In this blog, Sydney Church (the Centre’s Research and Learning Officer), focuses on the concept of a ‘pedagogy of discomfort’ to explore how disruptive feelings and emotions can offer valuable insight into evaluation across the youth sector.
I recently read a paper by Michalinos Zembylas on the value of a ‘pedagogy of discomfort’. By this, he means ‘troubled knowledge’, which includes using disruptive feelings and emotions as a source of fruitful and responsive learning. Since starting at the Centre in October, I have seen and experienced a wide-range troubled knowledges in perspectives about the current state of evaluation across the youth sector. Part of the difference in views is contest over what evaluation is ultimately for. At a recent conference workshop, one youth worker was railing that they were sick to death of having to meet meaningless targets set by funders that don’t support their learning and can do more damage than good. I would agree that such targets can blinker evaluation and undermine authentic investigation. Instead of a purely linear approach to measuring pre-determined outcomes in youth work, we should create space for divergent understanding and outcomes to emerge. Inevitably this contested space will lead to feelings of discomfort amongst evaluators as their assumptions are tested and challenged by a range of voices, which I think we should welcome and even intentionally cultivate.
Specifically, in order to foster evaluation as a pedagogy of discomfort we need to give greater consideration to who participates in evaluation and exactly how they are being listened to. I think we need to reflect on our positionalities (in terms of our identities, biases and positions of power) and recognise these affect what knowledge is produced and valued. We should also recognise that those with different positionalities to our own might say something different and potentially more valuable. This point was brought up at our recent gathering by Mariyam Farooq from Black Thrive, urging for a school framework where children and young people hold power on par with other school personnel, through being trusted and supported to make decisions about their intellectual development. I agree with this call wholeheartedly, but effective engagement is challenging and I’m worried there is too often a view that participation of diverse voices in evaluation should be straightforward. In my view, if no part of creating a participatory evaluation is disruptive, then perhaps we are doing something wrong. At worst, this desire for relatively frictionless participation can lead to tokenism and inclusion of the ‘easiest’ young people to reach and listen to. There needs to be space for discomfort, for disjuncture, for different views and time to examine them, so that participation in evaluation can offer the richest possible understanding.
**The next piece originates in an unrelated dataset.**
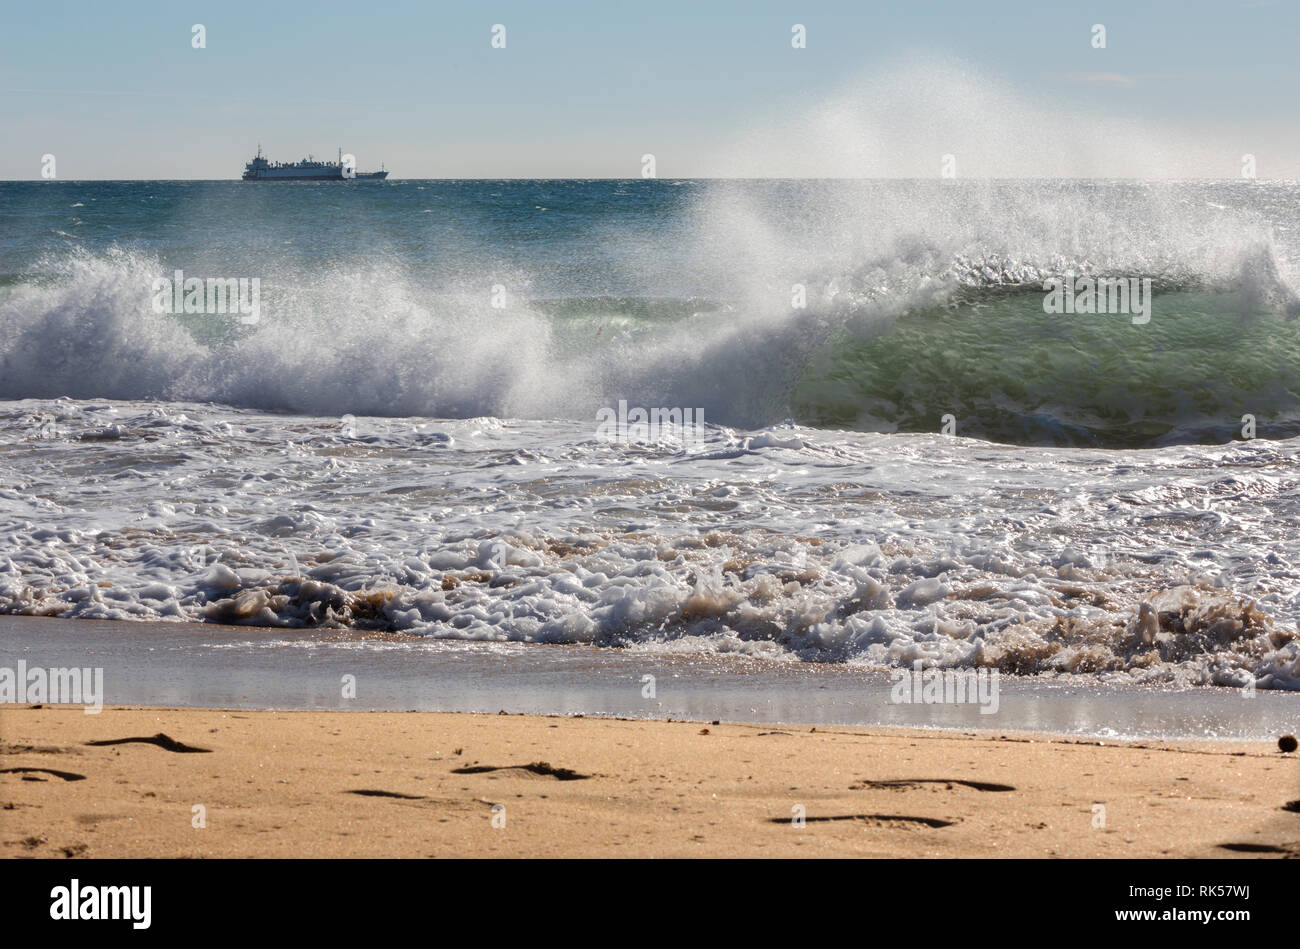 Palma de Mallorca - The big wave and the cargo in background. Stock Photo

A good example of this is in Suzy Braye and Liz McDonnell’s participatory research on young fathers’ experiences, which clearly acknowledges the difficulty of cultivating a context of authentic participation, at the same time as acknowledging its value. Securing engagement with the young fathers, distributing power and collecting rich data all created tensions in the research which had to be directly and substantially engaged with. However, as a result it was felt that the process of learning and the findings that emerged in the project were transformed by this pedagogical discomfort rather than constrained by it. Such engagement in evaluation, far from being antithetical to the principles of youth work – like some evaluation practice - embodies the very principles on which youth work rides.
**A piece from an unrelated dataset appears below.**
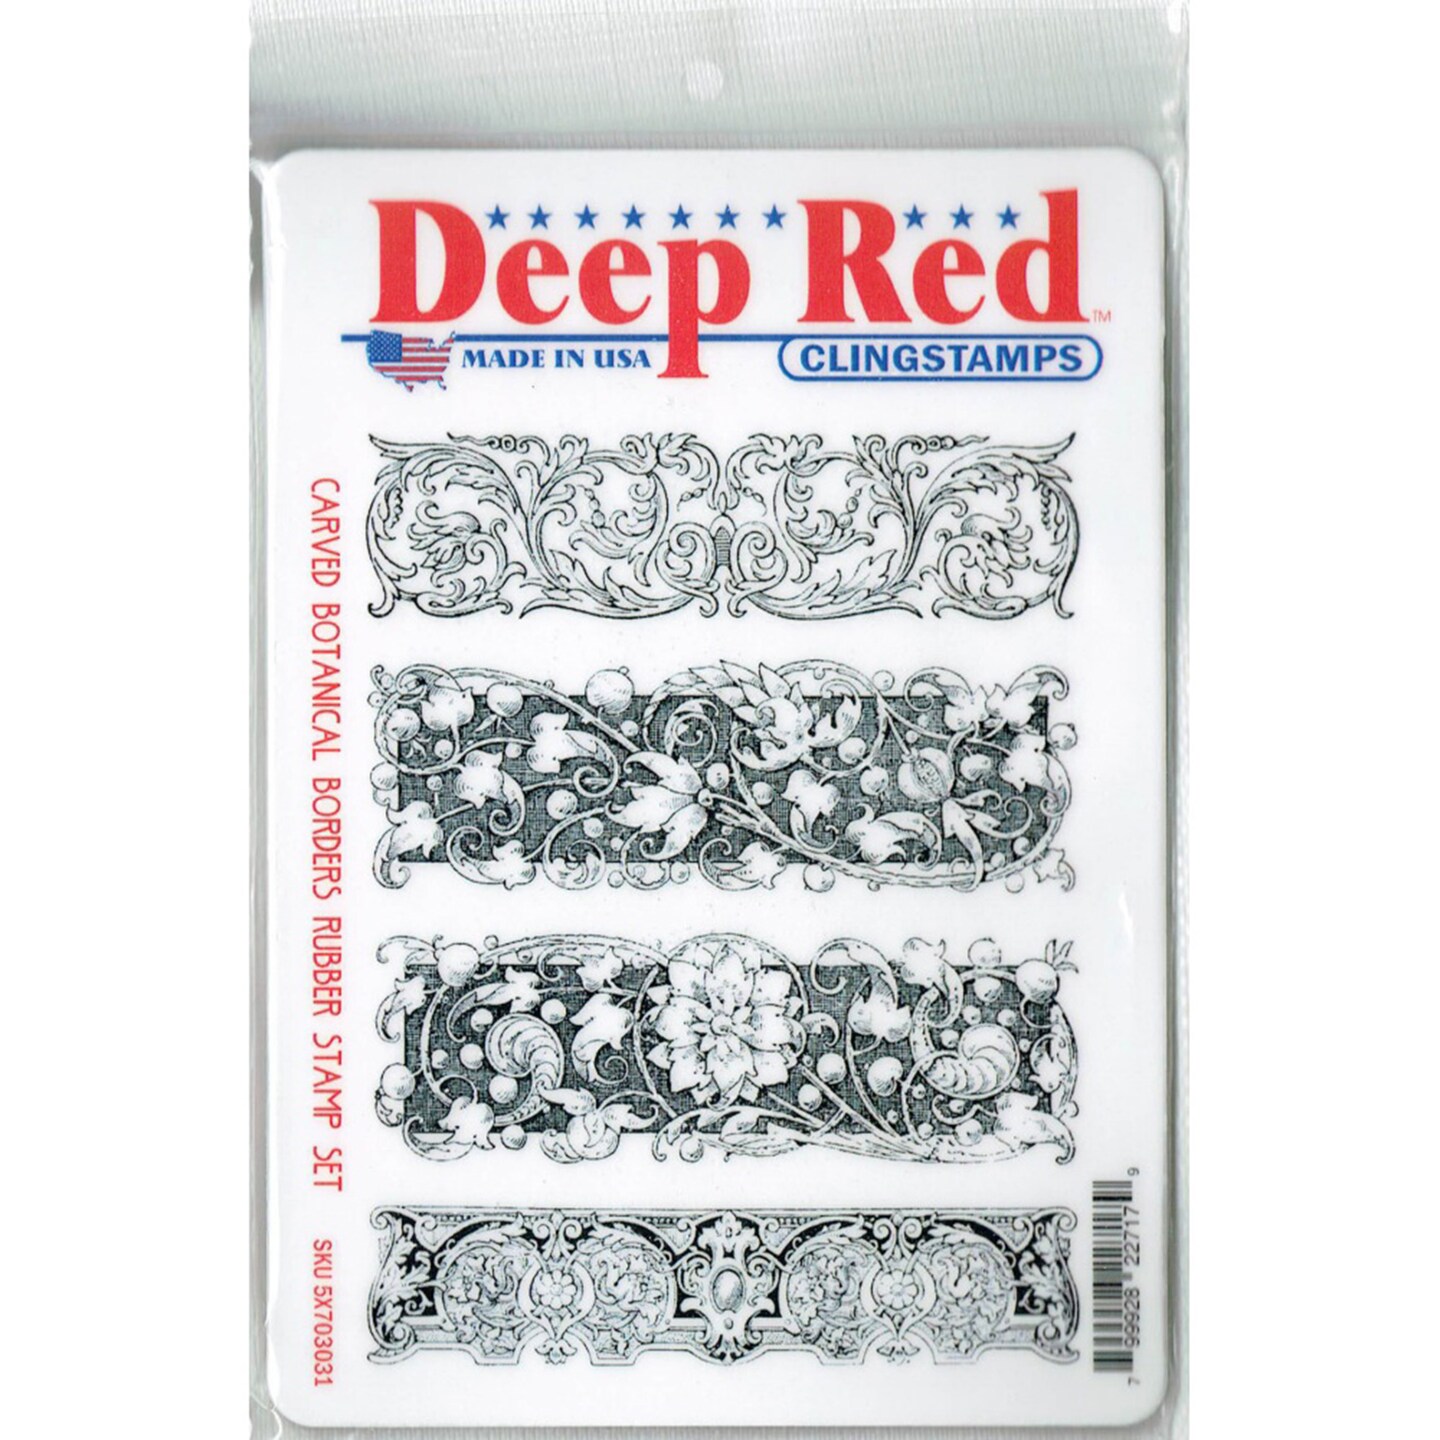 Deep Red Stamps Carved Botanical Borders Rubber Cling Stamp Set 4.25 x 5.5 inches

To foster this positive discomfort there are also serious methodological considerations and ‘you can’t just assume that by including the excluded it will change’ (Angela Davies and Judith Butler in Conversation). Methods that allow critical processes of engagement as well as alternative values to emerge are needed to push evaluation towards genuine curiosity and investigation of practice. Evaluation methods need to constantly consider who is deciding what knowledge counts, who and how they are being listened to and what data the method being used can feasibly capture (and what it is missing out). I will be striving towards co-creating a context such as this with organisations taking part in the Youth Programme Quality Intervention UK pilot . I will be drawing on techniques from Augusto Boal’s theatre as well as other methods that investigate thoughts as well as feelings and experiences. And at the top of my priorities will be creating the circumstances for new and divergent information to surface which as an evaluator, might trouble me.